Many growth models exhibiting a global smoothing in presence of local roughening are predicted to behave in the same way as a canonical non-linear stochastic partial differential equation known as the Kardar-Parisi-Zhang (KPZ) equation. Although some remarkable bijections to algebraic objects such as random matrices, Young diagrams and so on have led to a series of breakthroughs in the mathematical verification of some of the predictions, many of the current techniques based on integrable probability are not sufficient by themselves to analyze some of the fundamental geometric properties of such systems. Continuing an ongoing program to couple the integrable approach with a primarily probabilistic and geometric perspective, the PI lays down a comprehensive plan to investigate several aspects of such models which will fundamentally improve our understanding and initiate new research directions. The program also has a strong education component including mentoring graduate students and postdocs, and curriculum development at undergraduate and graduate levels, aiming to create multiple advanced research topics courses, and design the probability content in foundational undergraduate courses. Various educational and dissemination strategies including workshop organizing, writing survey articles, teaching summer courses will be carried out as well.

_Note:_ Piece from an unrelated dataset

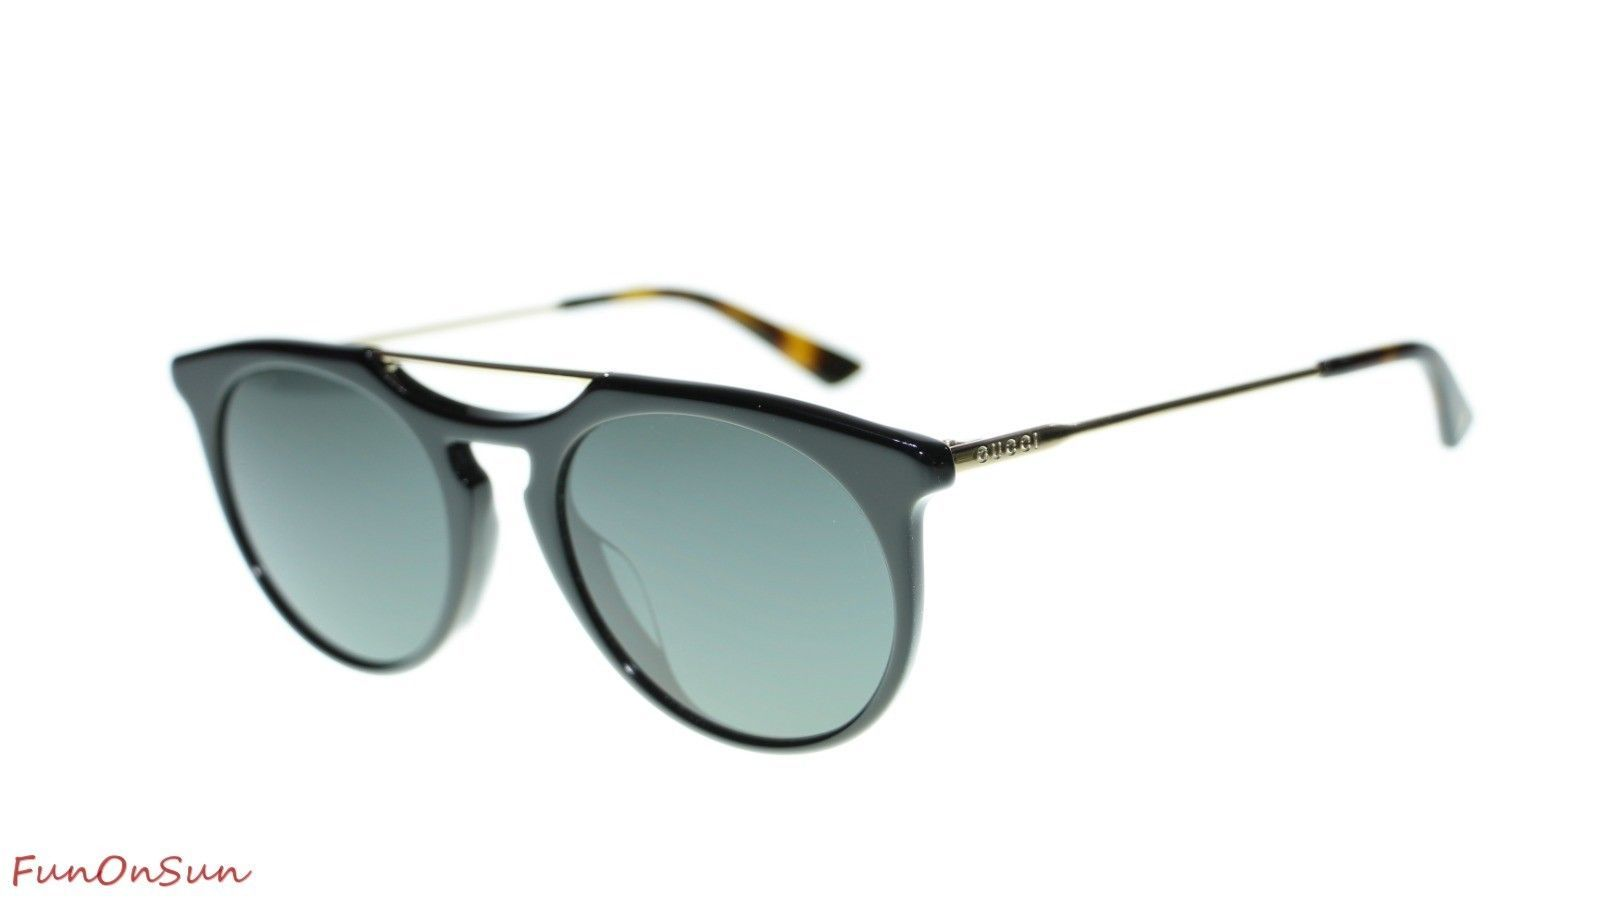 9749f0816f NEW Gucci Men Sunglasses GG0320S 001 Black and 50 similar items. 10

A canonical model of growth predicted to be in the KPZ universality class is the model of planar Last Passage Percolation (LPP) which puts random weights on the vertices of a planar lattice and considers paths between vertices which accrue maximum weights. Such maximal paths called geodesics are fundamental objects of study. Besides further developing the picture of coalescence of geodesics in LPP models, the project aims to study the entire energy landscape of paths and their associated weights, with a focus on the geometry of almost maximal paths or near geodesics. The PI will also investigate interlacing properties of geodesic watermelons (collections of disjoint paths with maximal cumulative weight) and their consequences with connections to various line ensembles and determinantal point processes, as well as large deviation behaviors of geodesics. Finally the program will initiate novel research directions concerning fractal geometry and noise sensitivity, drawing inspiration from seminal works of a similar nature in the context of critical planar percolation and spin glasses. Particular topics include studying Hausdorff dimensions of various endpoint pairs admitting exceptional geodesic behavior as well as computing exponents marking the onset of chaos in natural dynamical versions of LPP. As necessary tools, several new theories including discrete harmonic analysis for models in the KPZ universality class will be developed. In particular, this is expected to create a bridge between various communities in probability, mathematical physics and theoretical computer science.
This award reflects NSF's statutory mission and has been deemed worthy of support through evaluation using the Foundation's intellectual merit and broader impacts review criteria.